Looking Is Not Seeing
Michelle Brenner, Head of Education, and Mariko Tu, Manager of Youth and Family Programs
May 5, 2020
For nurses on the frontline, making close observations is key to saving patients’ lives. To help with building this critical skill, the Norton Simon Museum hosts nursing students from Mount St. Mary’s University in Los Angeles each winter and spring for “Looking Is Not Seeing.” This innovative training program was developed in 2008 by the Yale School of Nursing in partnership with the Yale Center for British Art. Looking at art in a museum helps nursing students slow down and notice how they might jump to conclusions about a given situation before having all of the necessary information.
Together with Sarah Shealy, Assistant Professor of Nursing at Mount Saint Mary’s, Michelle Brenner, Head of Education at the Norton Simon, identified several figurative paintings from the collections that met the criteria for the program. They include works with ambiguity—those for which the “story” of the painting is not immediately clear—works that are well-suited to close looking and interpretation.
In each session, groups of five to six students are paired with trained educators from the Norton Simon. The educator begins by asking their group to spend three minutes looking at the painting in silence, noticing as much detail as possible, and then ten minutes making an objective visual inventory (noninterpretive observations) of the work of art. At this stage, students may find it easy to slip into subjective interpretations. In Jean-Honoré Fragonard’s Happy Lovers, for example, a subjective interpretation would be “I see a happy couple,” but an objective view would be “I see two figures.”

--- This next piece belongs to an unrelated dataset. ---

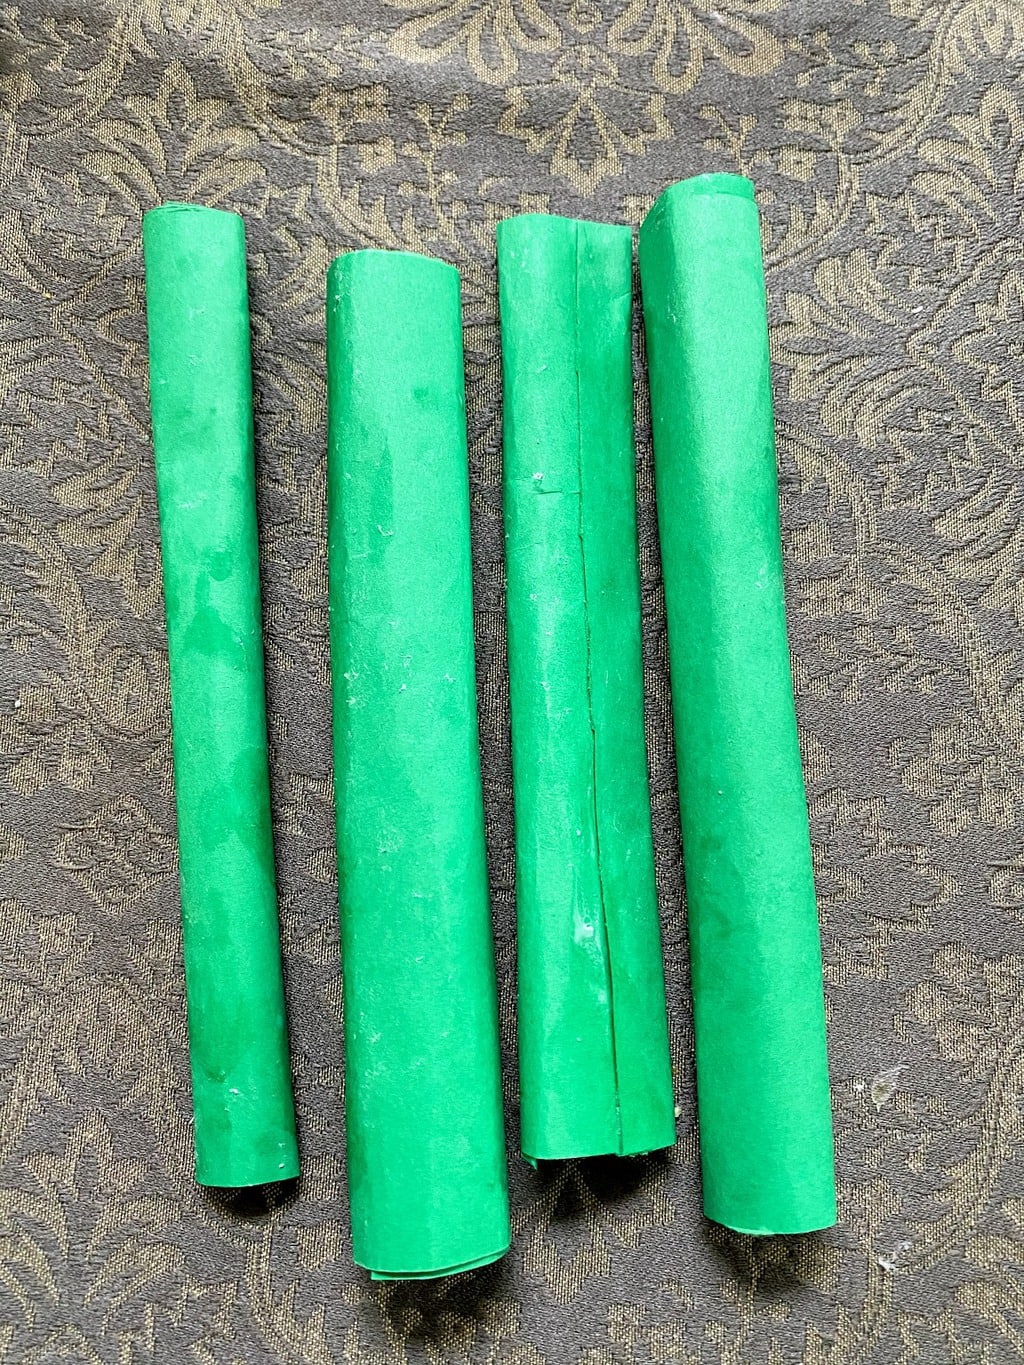 paper asparagus spears
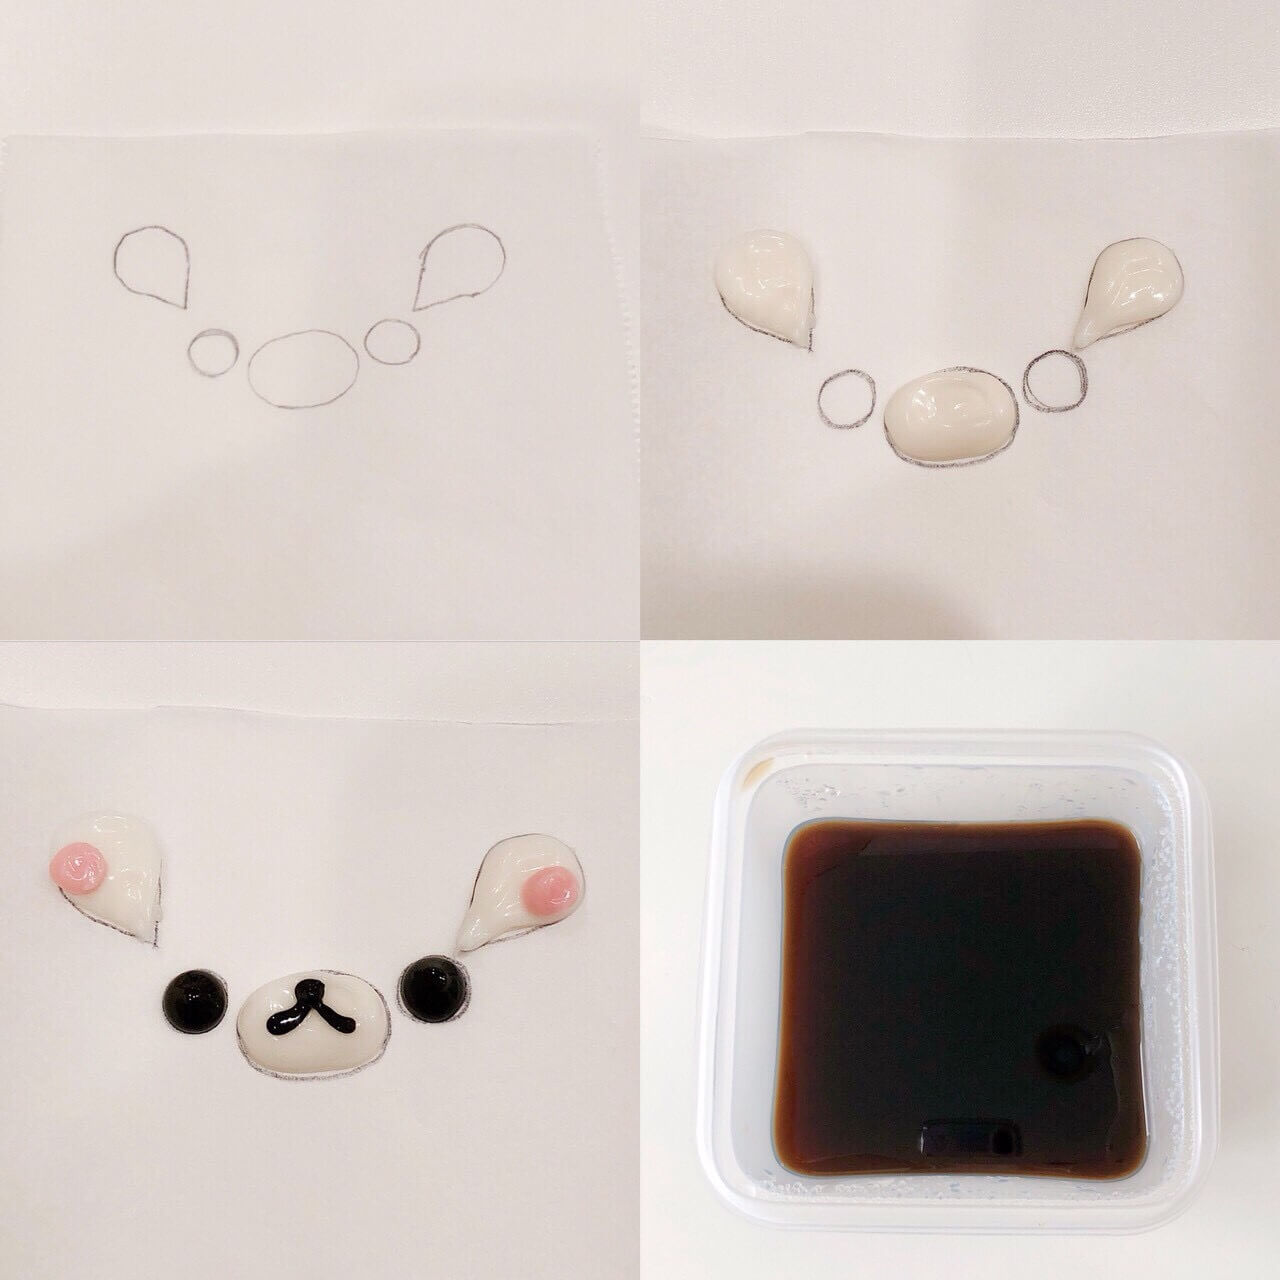 Kaori’s Easy Recipe: Learn to Make Korilakkuma Coffee Jelly Parfait

Then the group is invited to share their subjective interpretations based on their objective observations for ten minutes. By this point, they have looked at the painting in depth—suspending judgment—for much longer than most museumgoers, and this affects their final interpretations. Students begin to relax as they can finally share their views of the “stories” behind the paintings.
For example, one student interpreted the narrative in Karel Dujardin’s Denial of Peter as that of a husband who has been caught leaving his wife and child. She made this hypothesis based on the man’s (Peter’s) defensive body language, the woman’s (a maid’s) accusatory gesture, and the downward stare of the little boy behind her.
Interestingly, some students apply their clinical backgrounds to their interpretations. For instance, the “reddish skin” in Vincent van Gogh’s Patience Escalier becomes evidence of sunburn, owing to extended periods of time outside.
To understand Edgar Degas’s Women Ironing, students have gotten up from their seats to mimic the pose of the laundress as she hunches over the table, pressing down on an iron with all of her strength. Students pointed out that this kind of repetitive action would lead to chronic pain in the back and neck, and that her hands may be pink from iron burns.
Finally, the educator spends two minutes sharing some background about the artwork.
Each group of students repeats the process for a total of three paintings. As they move on to the second and third artworks, students become more comfortable with the process and even begin to stop themselves when they realize that they were about to share a subjective observation too early, as opposed to an objective one.
After discussing the last artwork, students come together to apply the same process of close-looking, objective observation and then subjective interpretation to images of hospital patients. They begin to understand the purpose of their time in the galleries and noticeably show improvement in their ability to distinguish objective observations from subjective interpretations. They also share stories from their own experiences of working in hospitals and seeing senior nurses point out something that everyone else had missed and that saved a patient’s life.
When nursing students slow down and look at an artwork together, they understand how several people can look at the same image (or patient) and observe different things. They see firsthand how one person can pick up on something that everyone else has missed, and they gain the confidence to speak up when they notice something amiss in a clinical setting. Studies have shown that this kind of museum training for nurses results in an improved ability to provide objective assessment, which leads to improved outcomes for patients.
The nursing students that have participated in the program leave the Museum feeling inspired, knowing that their observations matter. The program has also been extremely rewarding for our educators, many of whom have family and friends whose lives have been impacted by a nurse’s sharp eyes and know all too well how important they can be.
Michelle Brenner is Head of Education, and Mariko Tu is Manager of Family and Youth Programs at the Norton Simon Museum.